MVP Builder
Apply →

Behavioral Economics · April 2026

The Confirmation Bias That's Keeping Your Side Project Almost Done

Last week you had four coding sessions. The codebase is cleaner than it was. You solved two problems that had been blocking you. And you are still not deployed.

This is not a motivation problem. It is a measurement problem.

You are measuring the wrong thing — and because you are measuring it consistently, it keeps reporting that everything is fine. The project is progressing. The evidence is right there in your commit history.

What you are not measuring is the one number that matters.


The Metrics That Feel Like Progress

Developers default to activity metrics because they are visible and immediate. VS Code sessions. Commits pushed. Lines written, lines deleted, lines rewritten. The codebase is larger. The architecture is cleaner. The tests pass.
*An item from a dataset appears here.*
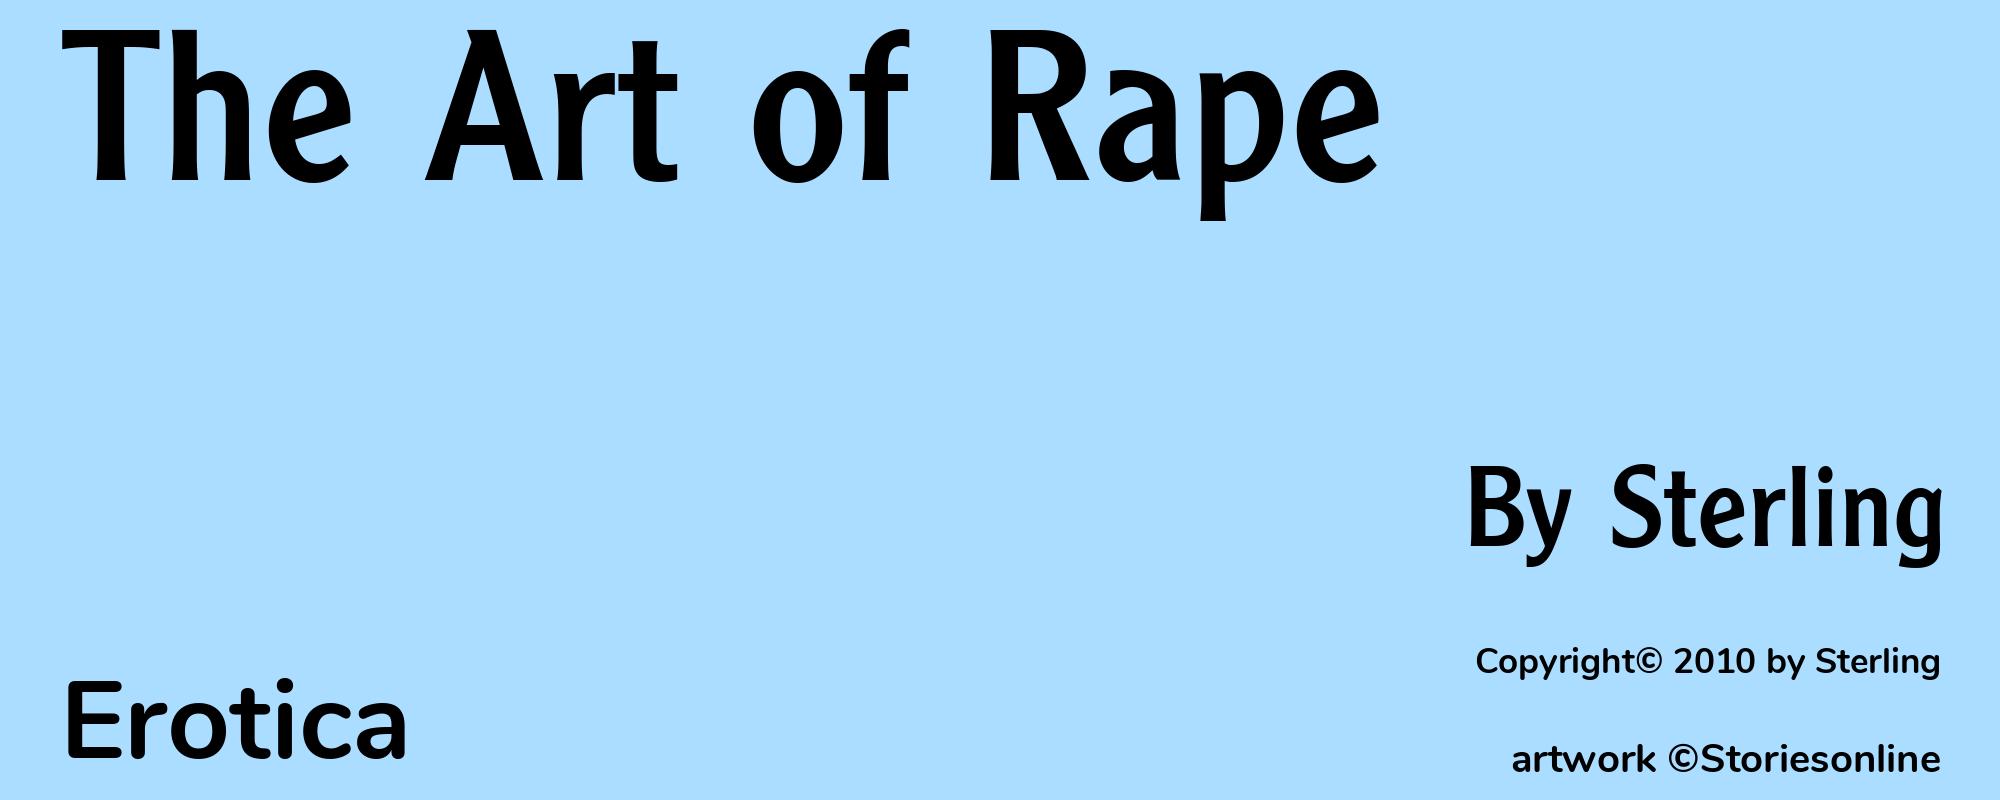 The Art of Rape - Cover

All of this generates a genuine sense of forward movement. It is not irrational. These things correlate with progress in professional software work, where shipping is structurally enforced by other people's deadlines.

Solo side projects do not have that enforcement layer. Which means the correlation breaks — and the metrics decouple from the actual outcome.

The one metric that does not decouple: Is this project closer to a real user than it was seven days ago?

Binary. No reframing available. A cleaner architecture that is still not deployed has not moved the number. Four sessions of productive-feeling work that ended with zero users have not moved the number. The metric does not care about effort.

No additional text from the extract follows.